В общем, через полгода я уже твердо стояла на обеих ногах. Хромала, было больно, нога сгибалась только на прямой угол, но все-таки ходить я уже могла. Никого ни о чем не предупреждая, собрала чемодан и поехала на вокзал. Позвонила только Шамилю – попросила встретить меня в Москве. И все...
Когда Саша приходил первый и последний раз ко мне в больницу, я сказала что-то вроде того, что все равно буду за ним бегать. Бегать больше не хочется. Хотя бы потому, что далеко теперь не убегу.
Да, я решила вновь уехать в Казань, и на этот раз – насовсем. Понимаю, что в Белгороде без Саши жить я не смогу. Встреча может состояться тогда, когда меньше всего ждешь. В самый неожиданный момент. И тогда снова начнется вынос мозга. В Казани с этим проще. Хотя разве без Саши проще?
На этом моменте надо остановиться и глубоко вдохнуть и выдохнуть. Все.
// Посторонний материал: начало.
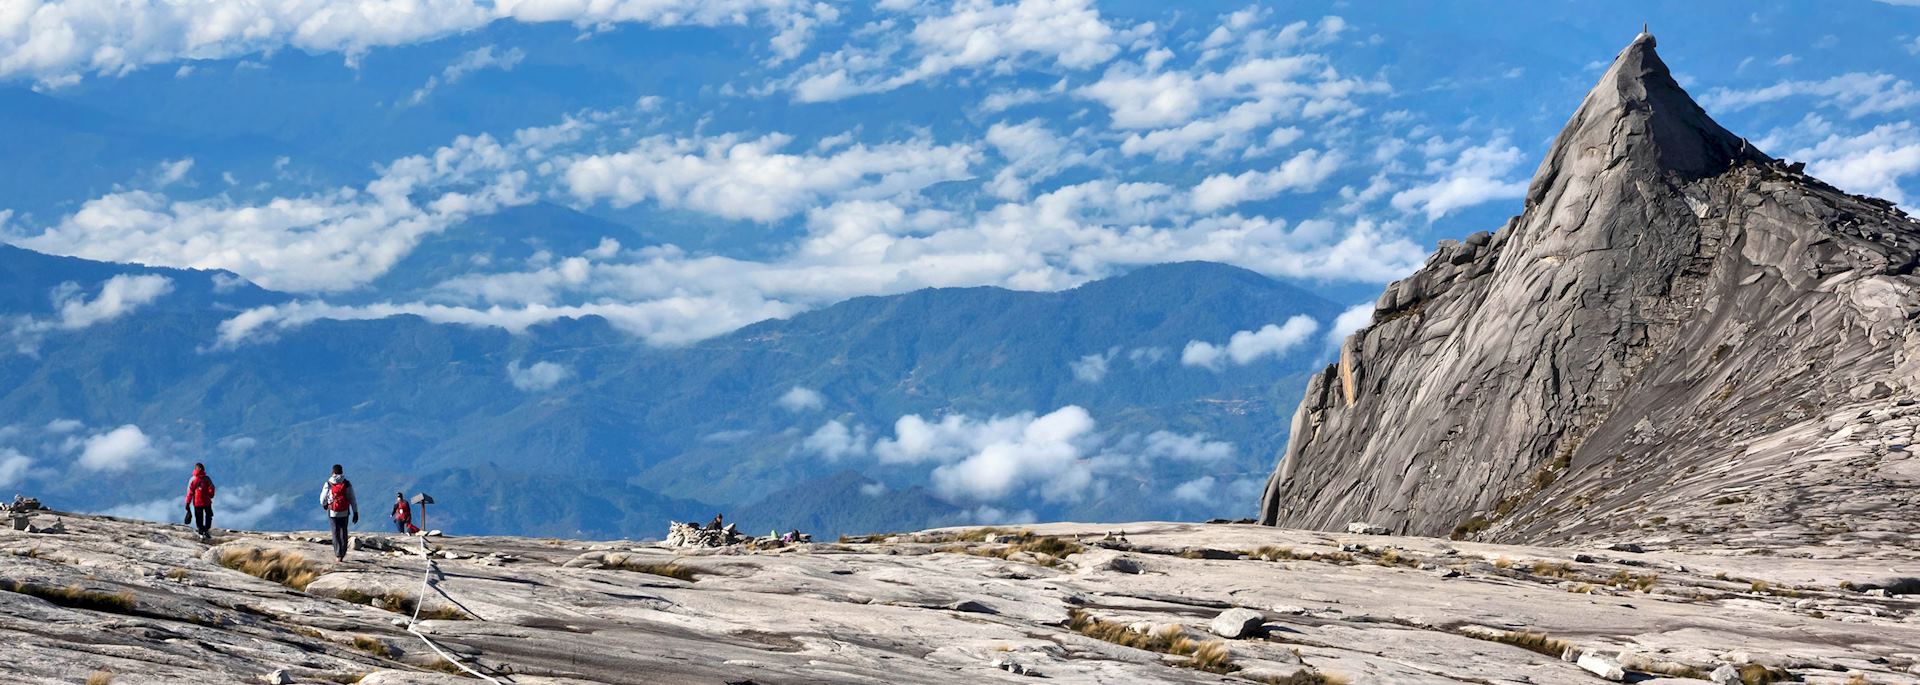 Climbing Mount Kinabalu

Здесь заканчивается самый непростой период в жизни, когда я потеряла все самое ценное. Говорить об этом больно, и я решила написать. На месте утраты остались бездонные овраги, которые не заполнить ничем. И со временем это стало не просто испытанием, а настоящей пыткой.
Я сделала тогда выбор. И теперь мне остается лишь до конца жизни мириться с этим выбором. Я была уверена, что привыкну. Что научусь жить заново. Как я могла так просчитаться? Ведь боль становится все сильнее, ощутимее, даже дышать больно, и ни одна физическая не сравнится с той, которая цепким клещом до сих пор сидит где-то в области сердца.
Знаете, вот поставила точку – и будто какой-то балласт с души скинула. Дальше будет немного проще, мне кажется. Господи, сколько воспоминаний... даже руки трусятся. Одному Богу известно, скольких нервов мне стоила каждая строчка! На этих страницах любви больше чем слов. Как вывод: любить нужно, несмотря ни на что, с открытым сердцем и готовностью простить ВСЁ, ведь самое страшное в жизни – потерять любимого человека.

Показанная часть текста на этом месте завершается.